Just want to say that although hard to read, your responses are helping me to put into words what I’m feeling. Yes, it feels like the affair went on even though the sex might have stopped. And that’s what h says wasn’t the case as it turned into a friendship. But what Msdoglady (ea) have said , rings so true to me. So to read that my feelings are (or might be) justified really helps me as it’s difficult to know what to think and do.

I think emotional affairs can be more painful than physical ones. When he had a bad day or was feeling down, it should have been you he turned to but it will have been her. She will know much more about his feelings and other intimate things than you will and that’s the painful bit. He trusted and wanted to share his feelings/thoughts/hopes/laughs etc with her not you.
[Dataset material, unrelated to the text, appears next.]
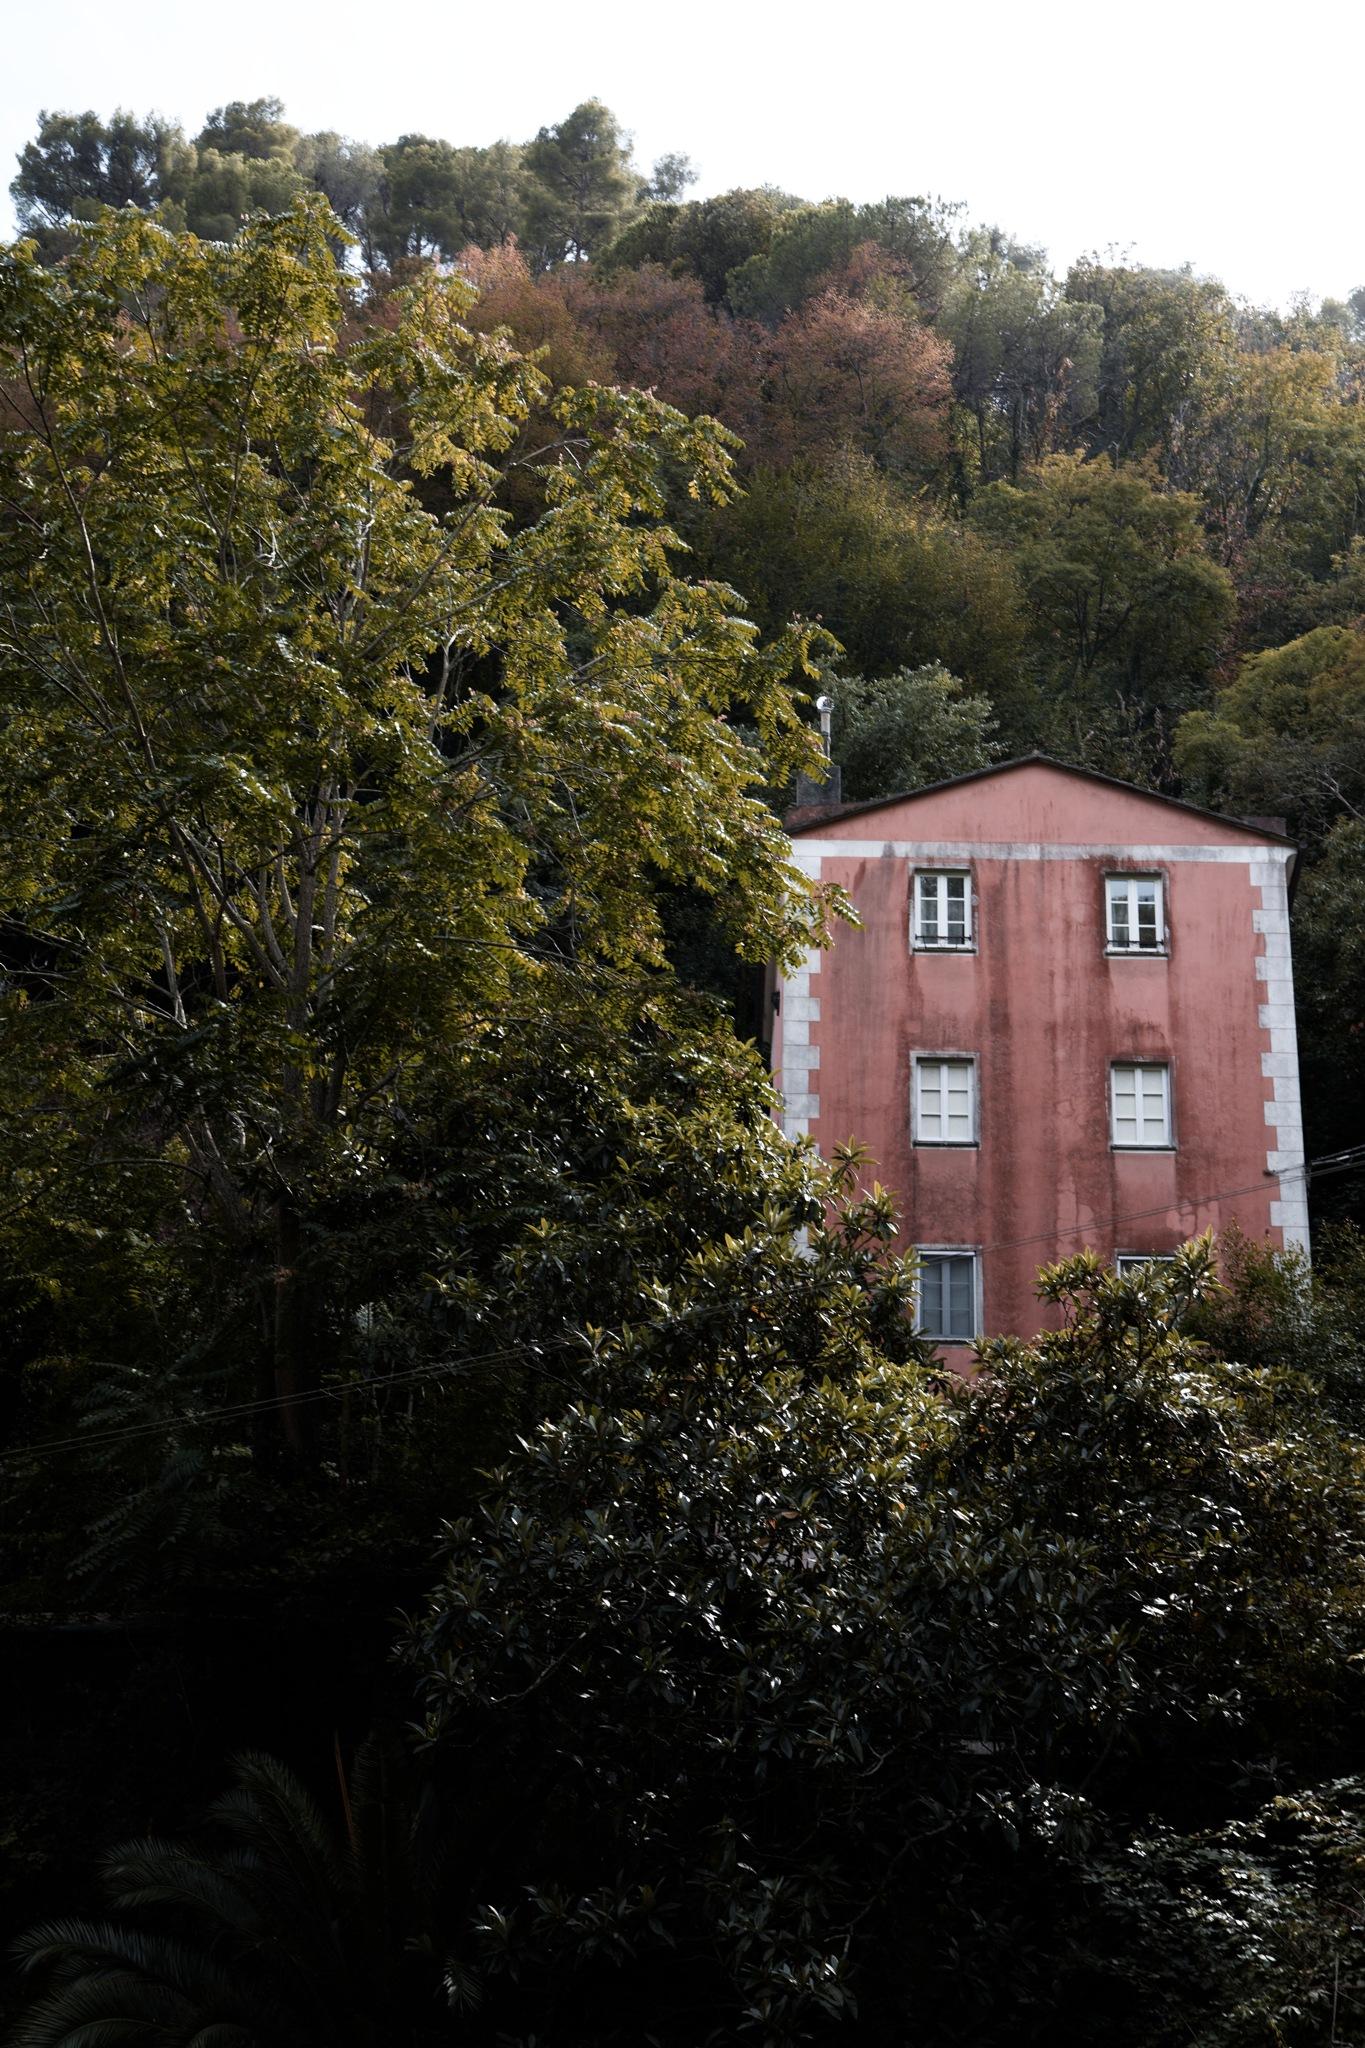 House on the trees by Andrea Zork Abbà
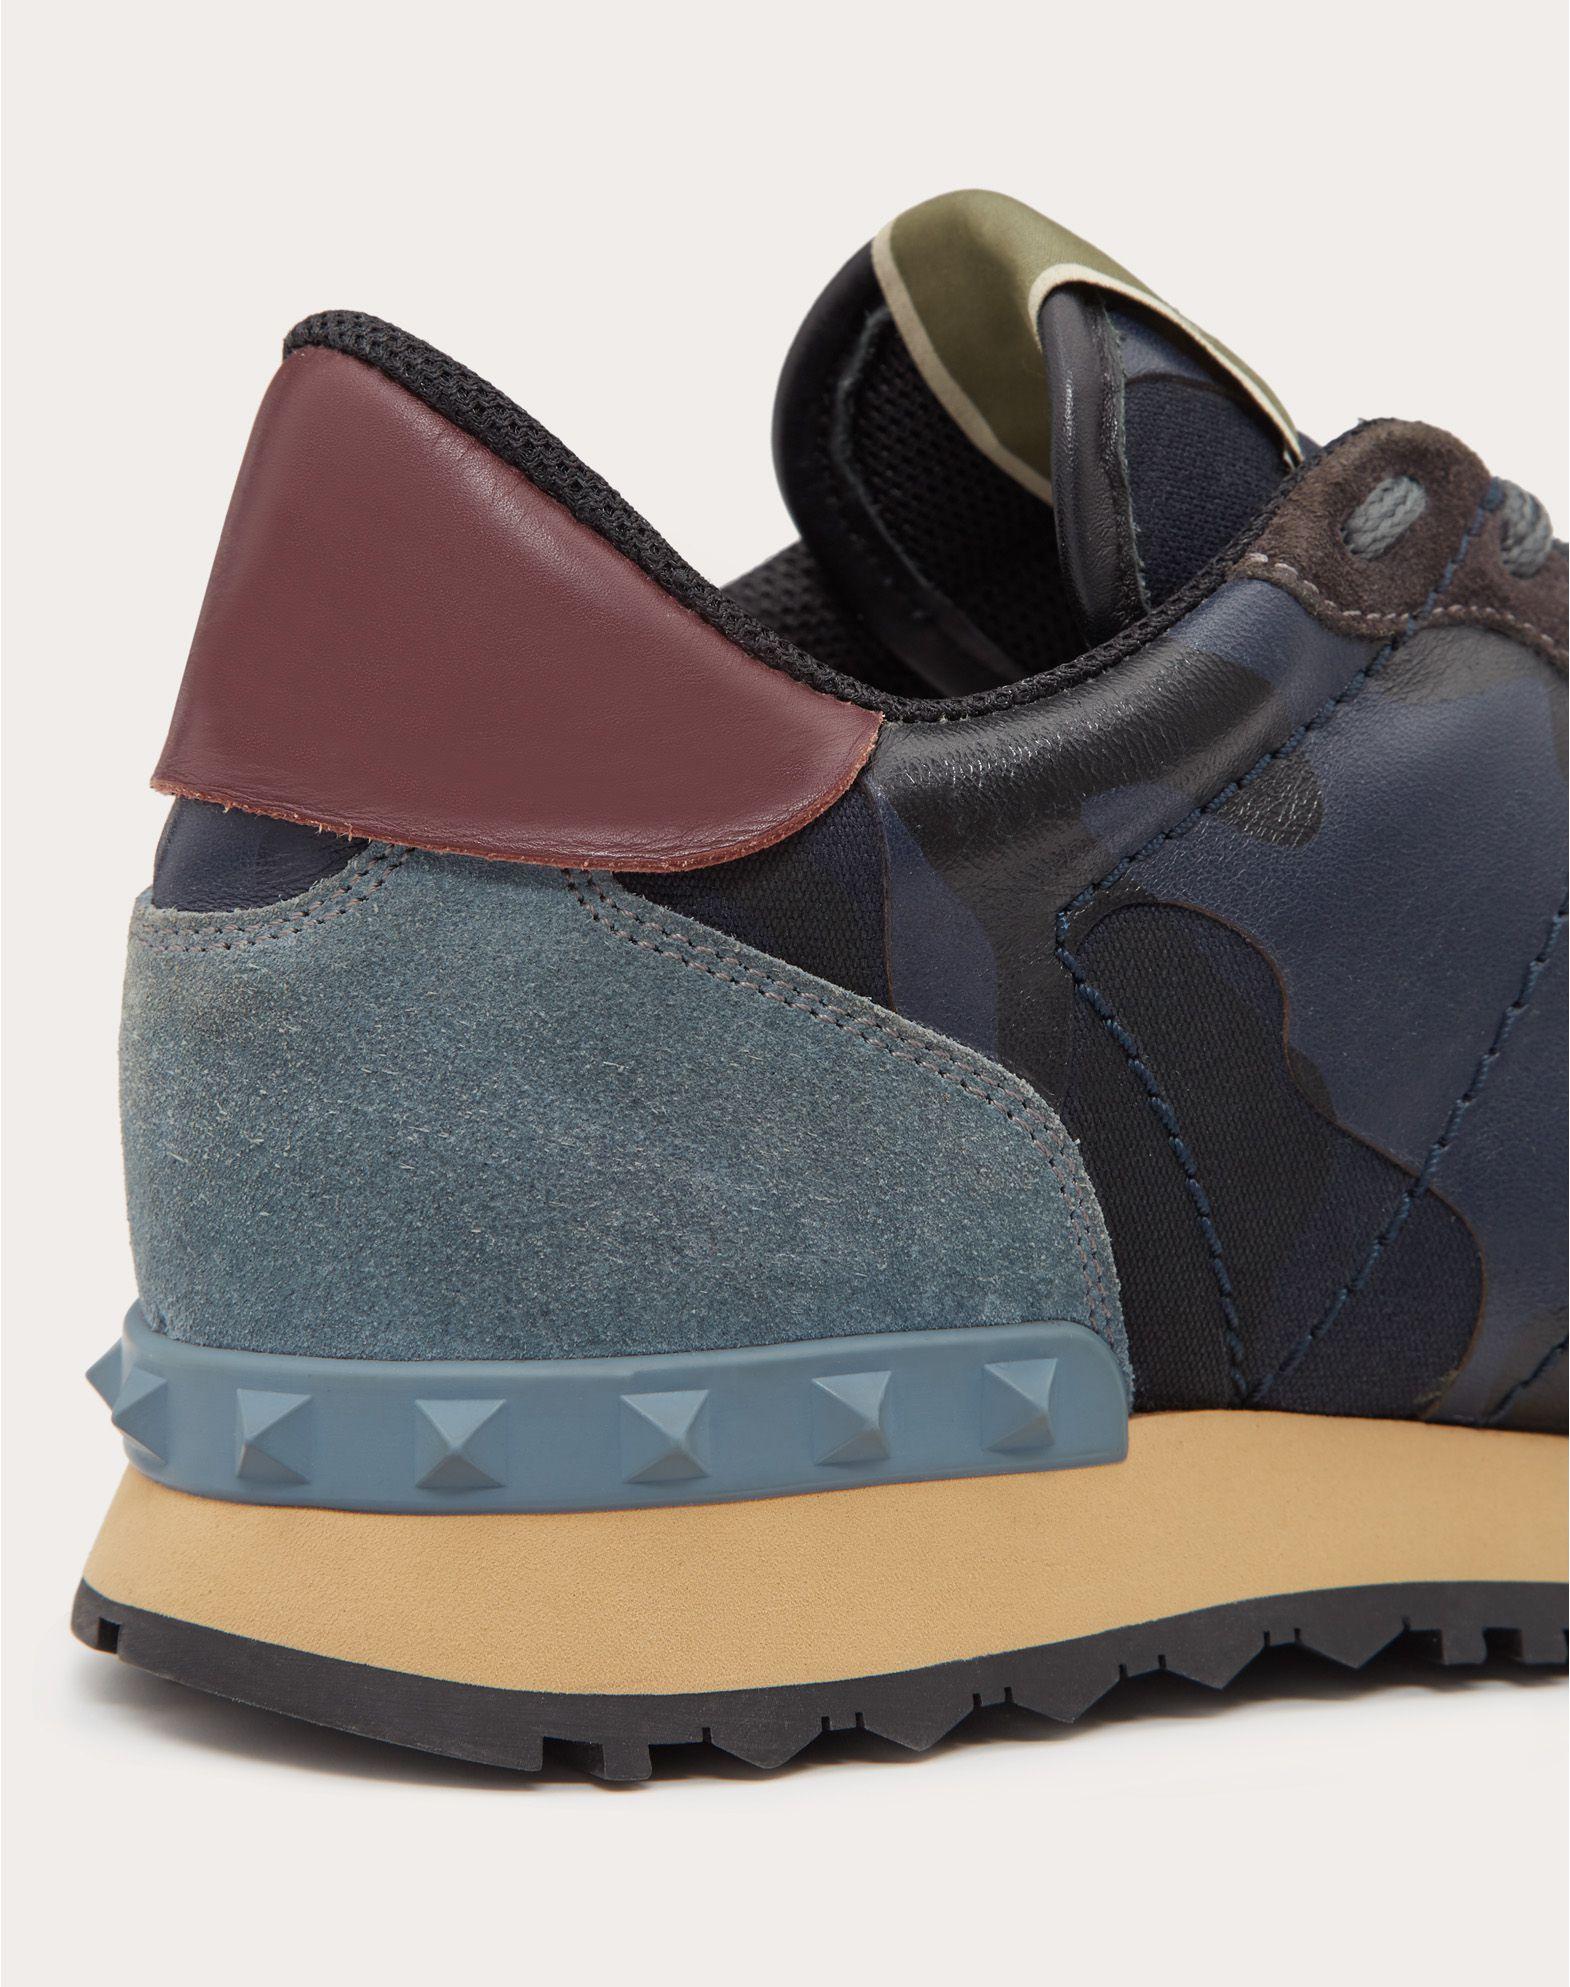 VALENTINO GARAVANI UOMO Camouflage Rockrunner Sneaker LOW-TOP SNEAKERS U a

I think you are putting him on a pedestal a bit. Kindest man etc.,,.he isn’t because what he has done is very unkind.

Opentooffers · 07/12/2024 13:20

Only a woman with low self esteem has an affair with a married man. A woman who has had the affair down-graded to friendship and still hangs in after being rejected, has even lower self esteem ( like on the floor, accepting his crumbs). Long term, that's not an attractive trait for anyone.
Don't now become his wife of low self-esteem. Hold your head high, you deserve better, it helps if he believes you deserve more too. You can assert this by having a temporary split, and making him earn and prove his way back rather than just 'trying to get over it', or 'put it behind you' or any other BS phrase used to try and move on. He should have to start from scratch again, date and woo you from a distance, that's the way to rebuild if you want to give him a chance - with no guarantees. Make him do the work to fix it.